You talk in the book about the challenge of the “exponential gap.” You write that, if the primary cause of it is the inability of people to predict exponential change, then the secondary cause is the fact that they’re unwilling or unable to adapt. What kinds of companies or industries do you feel have failed to adapt?

Well, it’s so broad across so many industries. You only have to look at what’s happened to newspapers and how powerless they are in the face of digital publishing and social networks – that’s what happens when you misperceive the value of the asset that you’re sitting on.

It’s been easier for companies we might think of as much less digital, whether it’s mining, or healthcare, or aviation, because they haven’t been swept by the tidal wave. They’ve been able to see what happens to industries that don’t understand exponential reality. If you’re an aircraft manufacturer, and you look at what happened in newspapers, you have very few reasons not to say, “Well, we should prepare for a zero-carbon future.” But the earlier you were facing the tidal wave of exponential reality, the less chance you had to put your strategies in place.

What might the exponential age do for education, in terms of changes to the ways that we consume knowledge?

It’s incredibly important to try to use some of these exponential technologies to widen access to education, whether it’s through remote learning, blended learning, massively open online courses (MOOCs), or even through YouTube or TikTok videos. There’s really interesting and heartwarming data from decades-long studies in China about the ability to deliver remote learning to foreign and rural students in a way that’s improving educational and life outcomes.

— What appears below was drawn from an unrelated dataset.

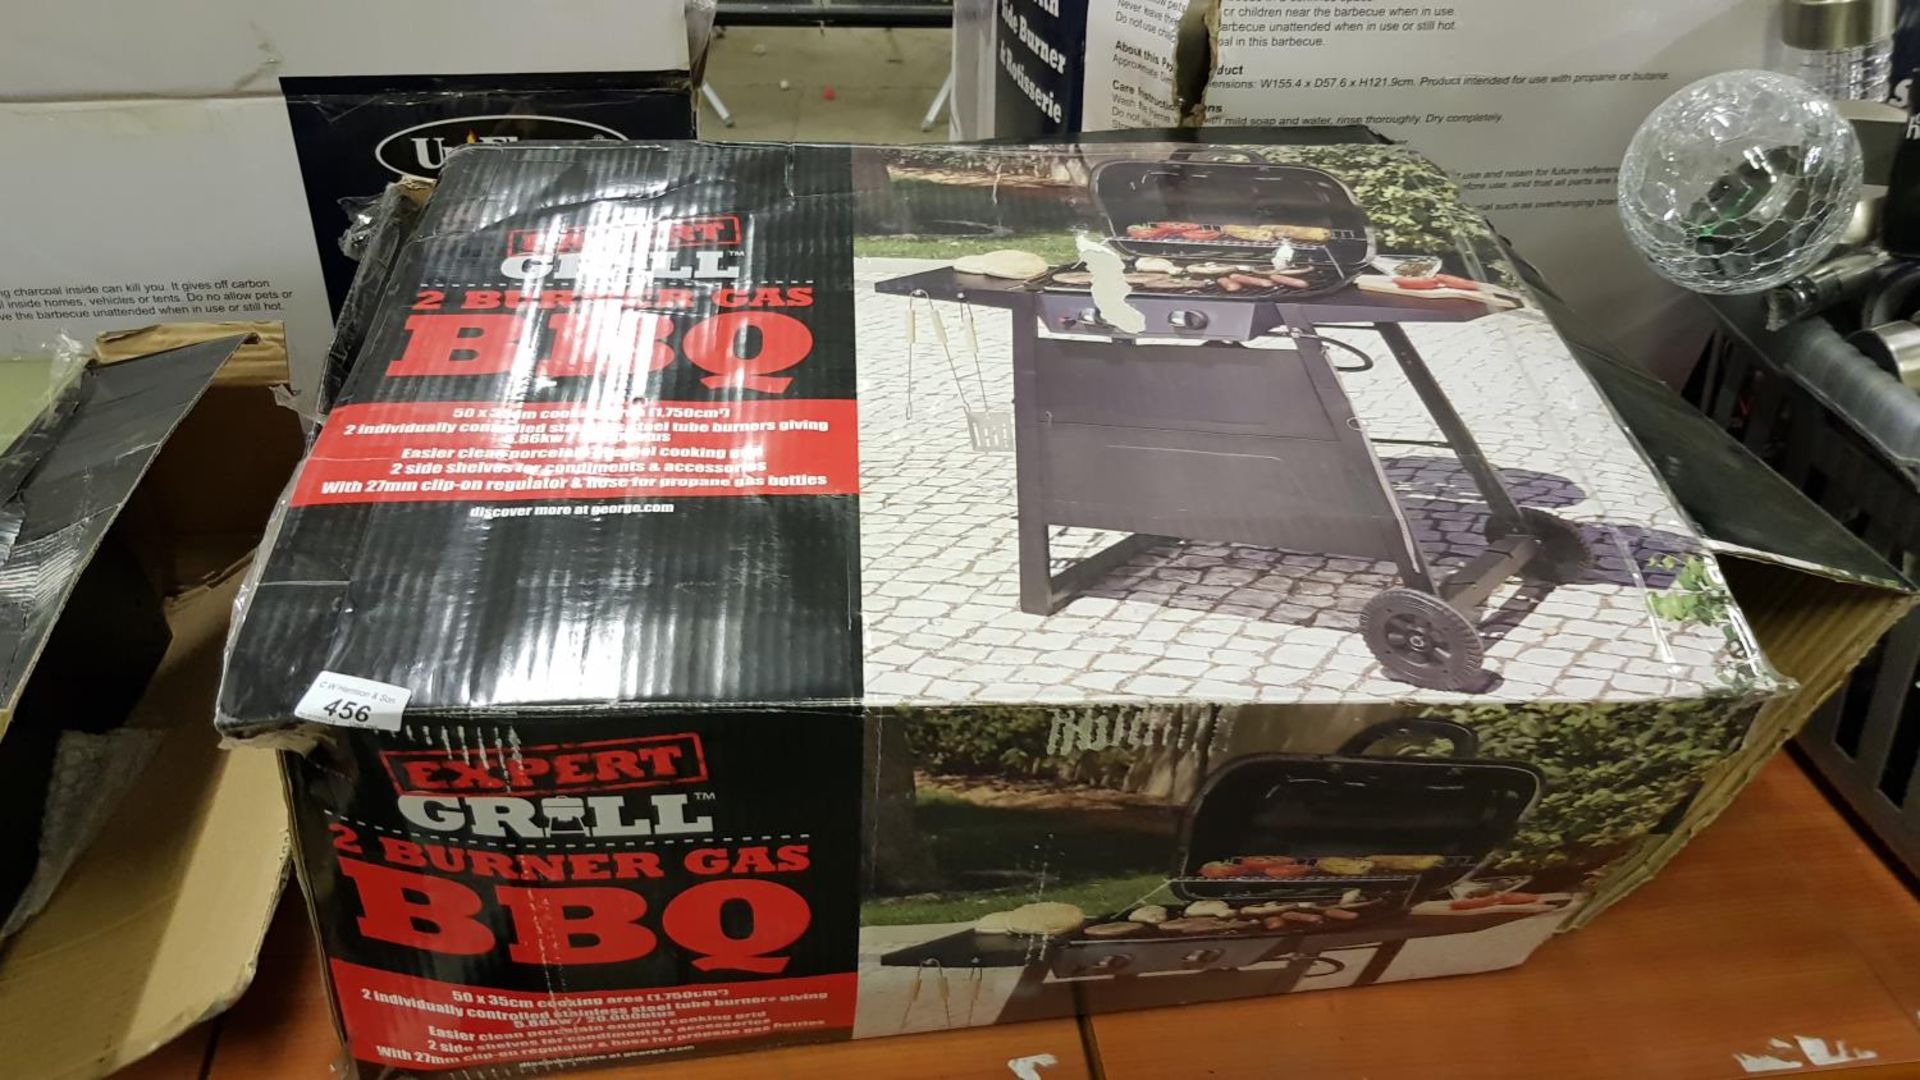 Expert Grill 2 Burner Gas BBQ – boxed/unchecked

At the same time, while one can learn useful skills through “snacking” on YouTube videos and the occasional lecture PDF, one doesn’t really approach any level of mastery with a subject or any level of critical engagement with it, unless they are able to practice it, either “in the field” or under the tutelage of a great academic institution. It takes time to learn and make mistakes.

There’s a tremendous potential with these new technologies, particularly to broaden shallow understanding of subjects. But when we look at deep understanding of any discipline, it’s got to be rooted in the practical practice of someone putting those skills to use on a day-to-day basis over many years.

What’s it been like to think about these issues in the midst of maybe the most exponentially-oriented event of our lifetime? 

It certainly has made the world more aware of the idea of a runaway function – an exponential that’s very boring one day and out of control within a few days.

One thing that did come out of the pandemic was that companies that had already said that computation, robotics, and engineering approaches to biology were going to be important, have ended up growing incredibly quickly, and are continuing to hire and continuing to win market share.